Full list of available profiles: [rnet docs](https://rnet.readthedocs.io/en/latest/).

### Proxies

**Global proxy** (all requests):

```python
RNET_PROXIES = ["http://user:pass@proxy.example.com:8080"]
```

**Per-request proxy** via `request.meta['proxy']`:

```python
yield scrapy.Request(url, meta={"proxy": "http://user:pass@proxy.example.com:8080"})
```

> **Important:** Scrapy's built-in `HttpProxyMiddleware` strips credentials from the proxy URL before the download handler sees the request.
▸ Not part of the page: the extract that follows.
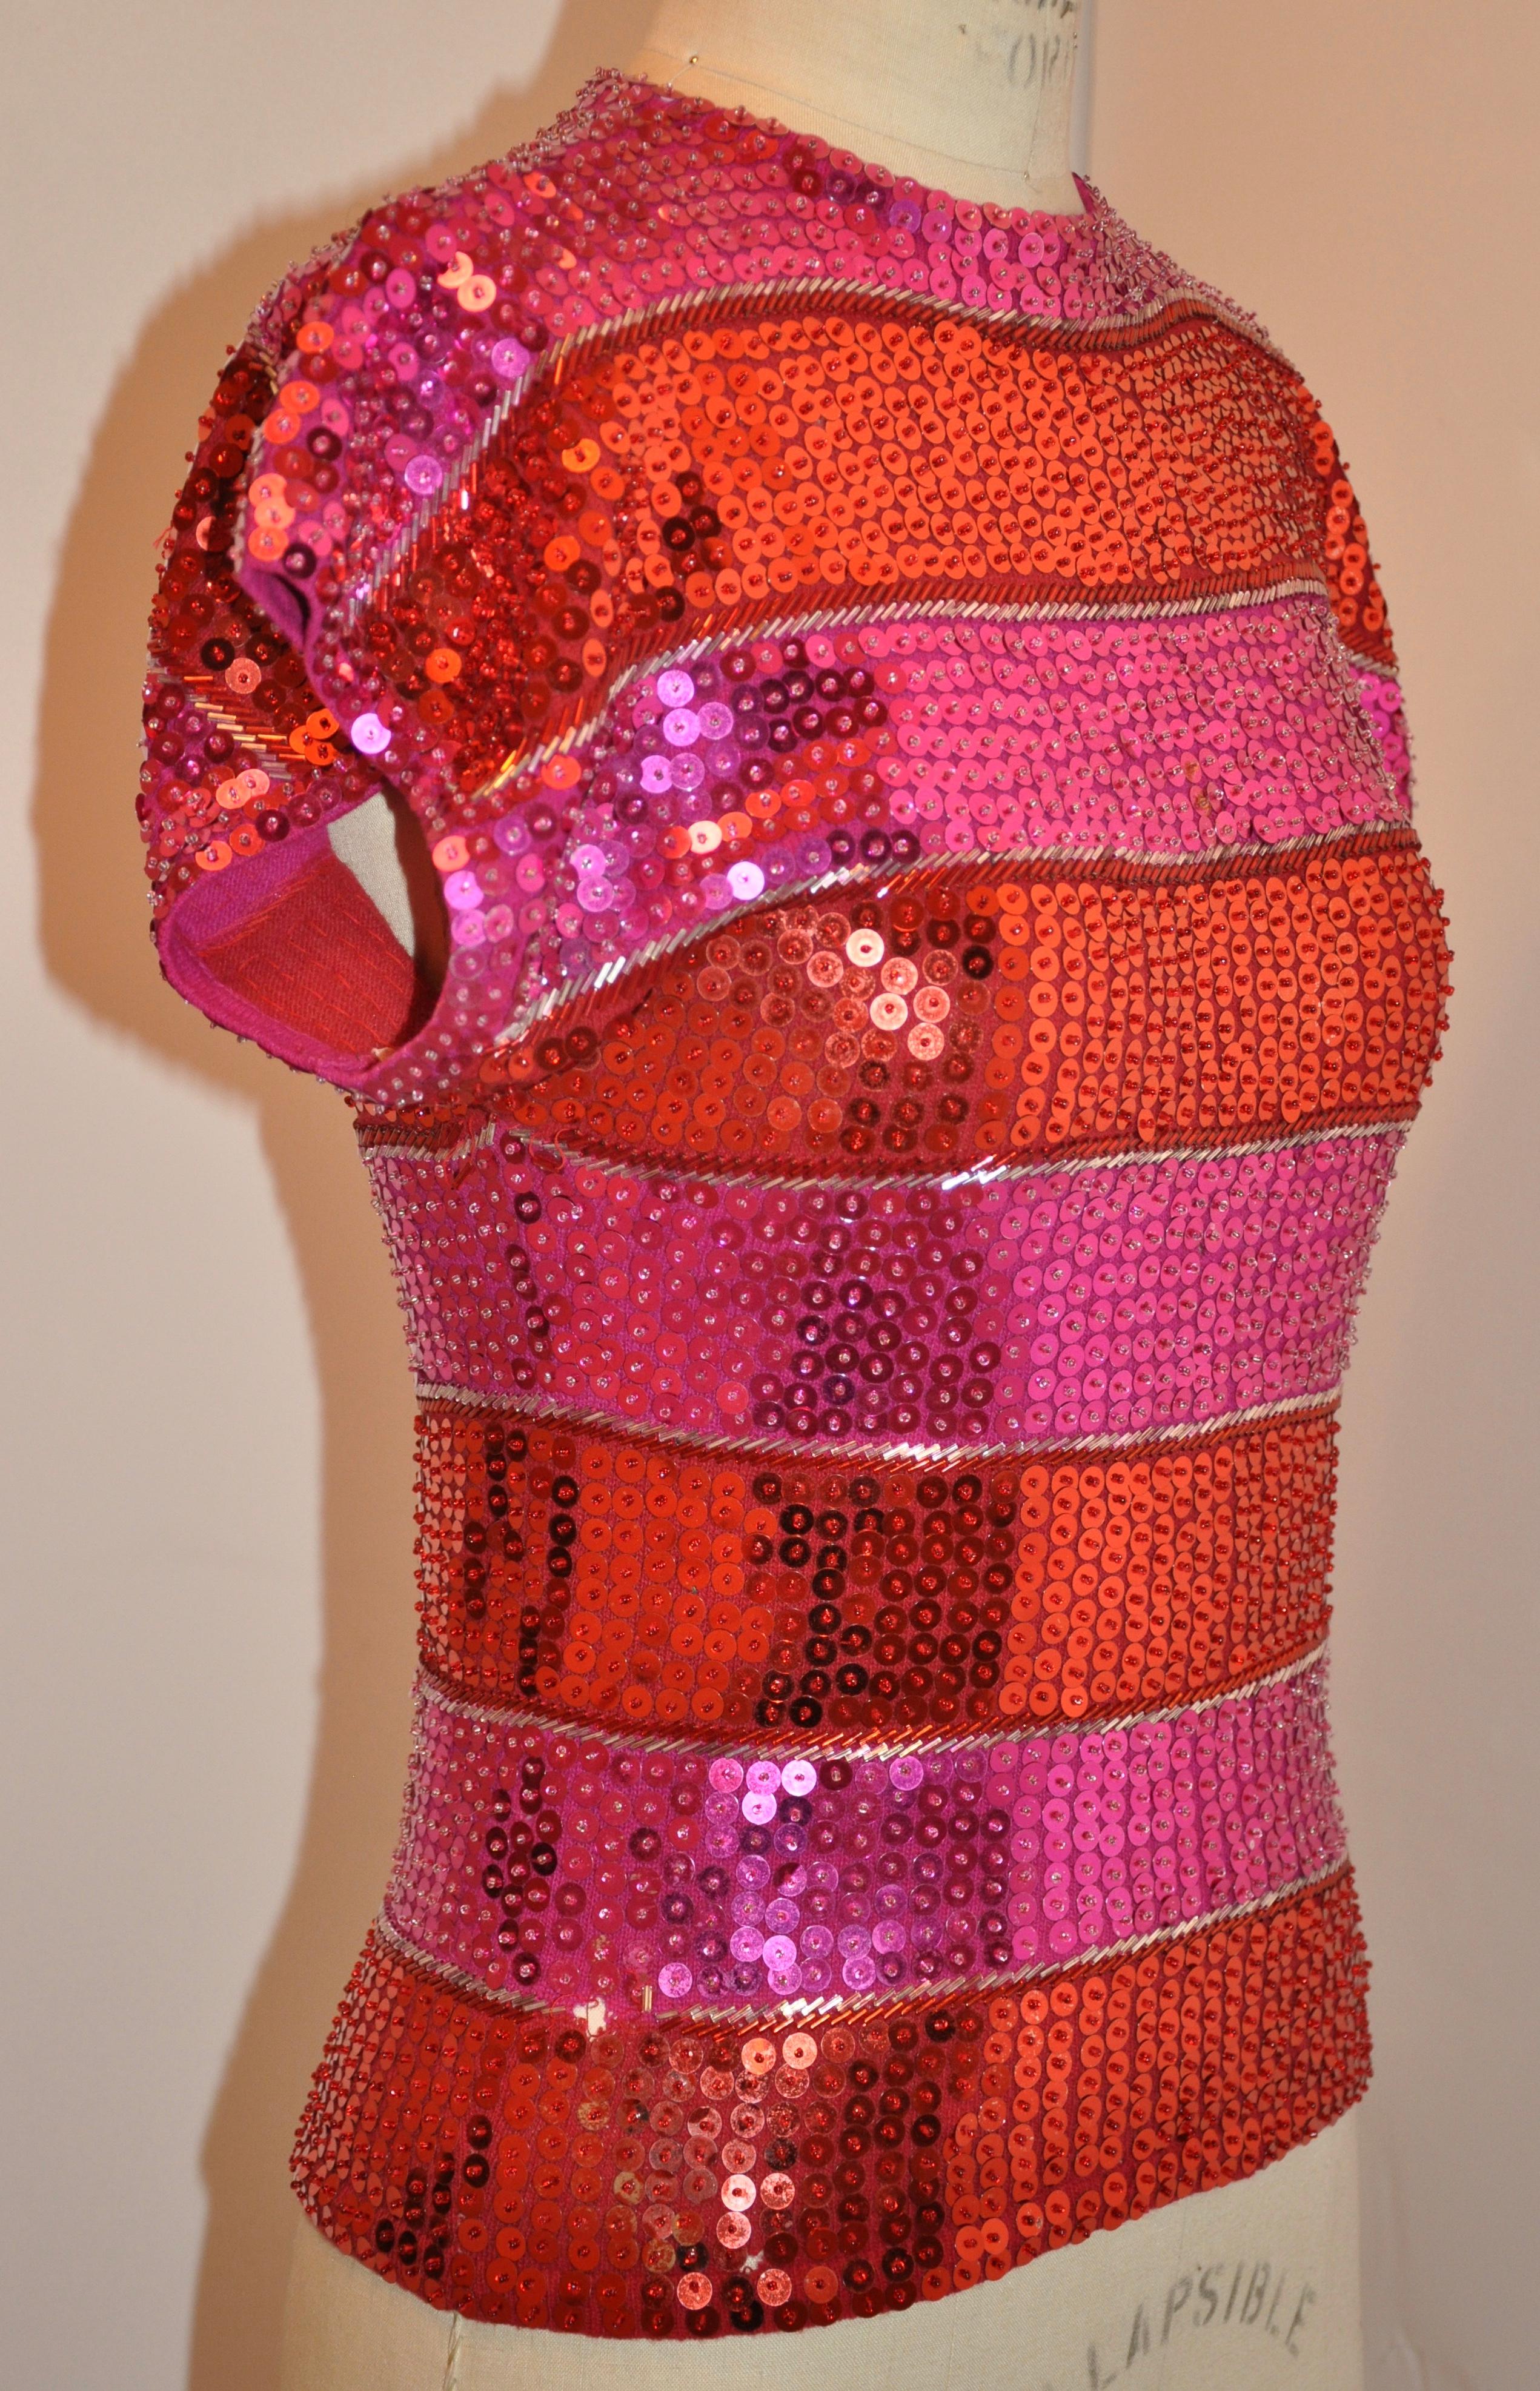    Cathy Hardwick eye-popping body-hugging fuchsia & red sequined sweater made of lambswool and nylon blend is accented with stripes of sequined bugle beads in-between. Measurements taken at

Since rnet manages proxy auth internally, you must disable it:
>
> ```python
> DOWNLOADER_MIDDLEWARES = {
>     "scrapy.downloadermiddlewares.httpproxy.HttpProxyMiddleware": None,
> }
> ```

## How it works

`RnetDownloadHandler` implements Scrapy's [download handler interface](https://docs.scrapy.org/en/latest/topics/download-handlers.html) (`download_request` / `close`). When Scrapy resolves a request for an `http` or `https` URL it calls `download_request`, which:

1. Translates the Scrapy `Request` (method, URL, headers, body) into an rnet call
2. Sends the request through rnet's BoringSSL-backed async client
3. Converts the rnet response back into the appropriate Scrapy response subclass (`HtmlResponse`, `TextResponse`, etc.), preserving status, headers, body, IP address, and HTTP protocol version

A single `rnet.Client` instance is shared for the spider's lifetime, so connection pooling works as normal.

## Testing

```bash
# Unit tests only (no network required)
uv run pytest tests/ -m "not integration"

# All tests including real network calls
uv run pytest tests/
```

The integration suite includes a fingerprint verification test that hits `tls.peet.ws` and asserts the TLS/HTTP2 fingerprint matches Chrome 131.